I accept your offer but be warned that I sleep mastubate.


----------



## automatondan (Dec 22, 2016)

Nice first post, seems completely not sketchy and totally safe....


----------



## silvereyes87 (Dec 22, 2016)

View attachment 3516

Hey guys he's just trying to help out these competitors with the cost! Be easy on him!


----------



## Flyingdragon (Dec 22, 2016)

This person does offer a service, if anyone has tried, its almost impossible to get a hotel room anywhere close to the Arnold....Rooms are booked up months, years in advance....


----------



## stonetag (Dec 22, 2016)

Flyingdragon said:


> This person does offer a service, if anyone has tried, its almost impossible to get a hotel room anywhere close to the Arnold....Rooms are booked up months, years in advance....
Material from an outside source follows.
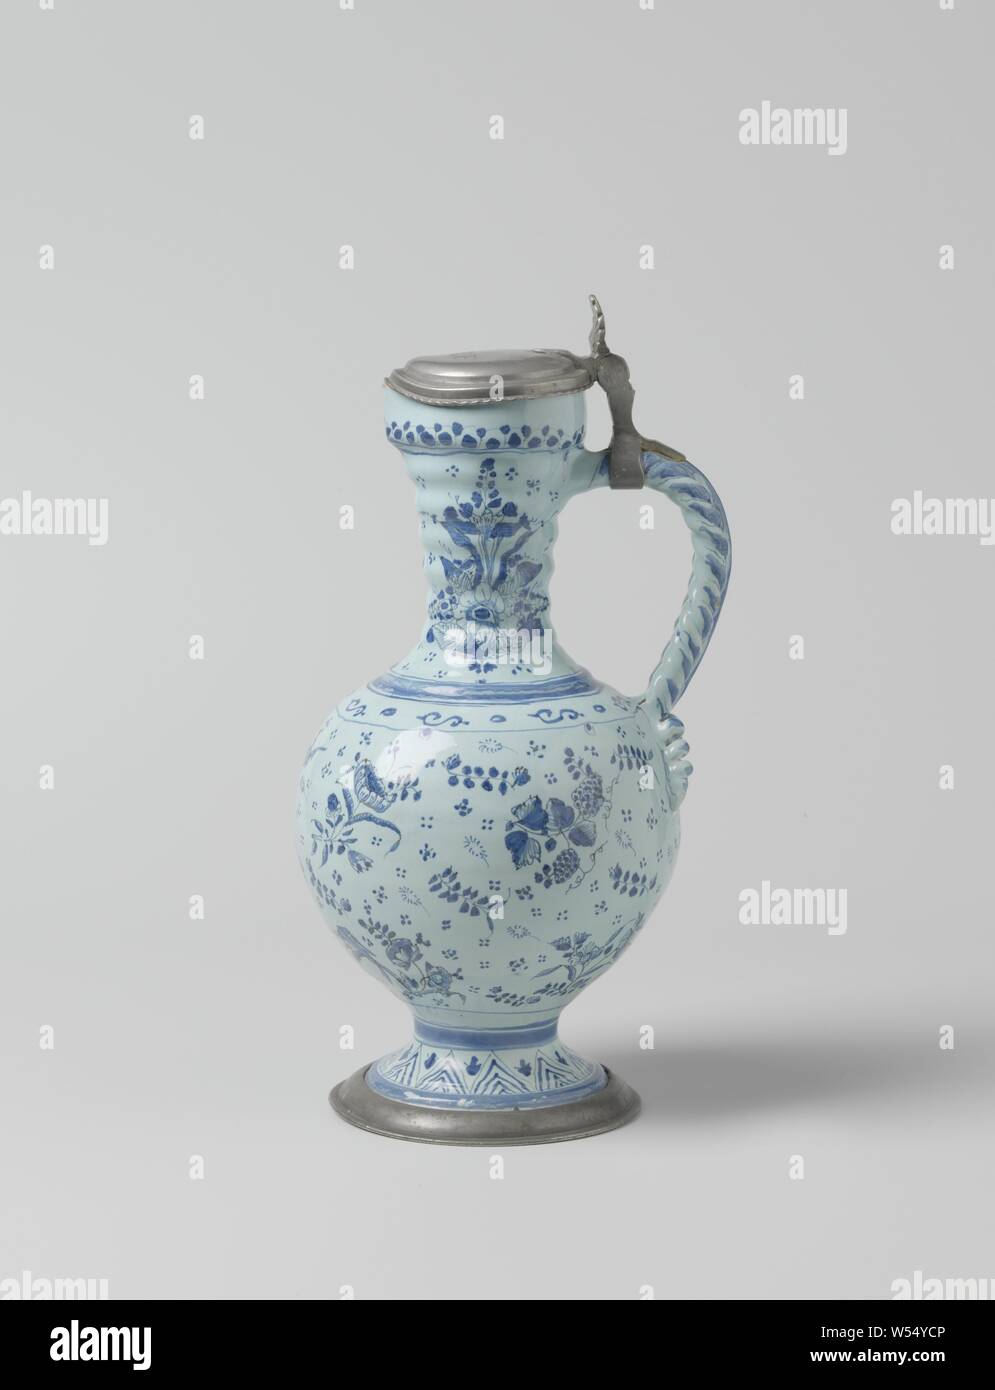 Jug with pewter lid, painted with scatter motif, Jug of blue painted faience, with a blue ground, a pewter foot ring and a pewter lid. The jug has a foot, a spherical belly and a cylindrical ribbed neck. The ear is braided and ends in two curls on the belly. On the jug is a scatter motif painted consisting of flowers, birds, branches with leaves and fruits, a peacock and rosettes. In the top of the lid are the letters M.C.H. engraved. The jug is marked., Johannes Polts, Hanau, c. 1700, earthenware, tin glaze, h 30.8 cm h 27.8 cm w 16.2 cm d 14.5 cm Stock Photo

"A service" may be the key word here FD....lol


----------



## OBO15 (Dec 23, 2016)

I did it at the Tampa Pro, strictly professional and the FBB that took the offer was gracious and we are close friends to this day. It's amazing you gay muscle heads don't support your sister bodybuilders, if I asked for males you all would be on the bandwagon. That's why female pro bodybuilders are a dying breed, because you all can't pull this together for the overall sport.


----------



## Flyingdragon (Dec 23, 2016)

Promoters already have rooms set aside for the athletes....


----------



## OBO15 (Dec 23, 2016)

Not really.


----------



## ToolSteel (Dec 23, 2016)

OBO15 said:


> I did it at the Tampa Pro, strictly professional and the FBB that took the offer was gracious and we are close friends to this day. It's amazing you gay muscle heads don't support your sister bodybuilders, if I asked for males you all would be on the bandwagon. That's why female pro bodybuilders are a dying breed, because you all can't pull this together for the overall sport.


Watch your mouth fgt I'm a powerlifter


Gay muscle head.. The ****..


----------



## automatondan (Dec 23, 2016)

OBO15 said:


> I did it at the Tampa Pro, strictly professional and the FBB that took the offer was gracious and we are close friends to this day. It's amazing you gay muscle heads don't support your sister bodybuilders, if I asked for males you all would be on the bandwagon. That's why female pro bodybuilders are a dying breed, because you all can't pull this together for the overall sport.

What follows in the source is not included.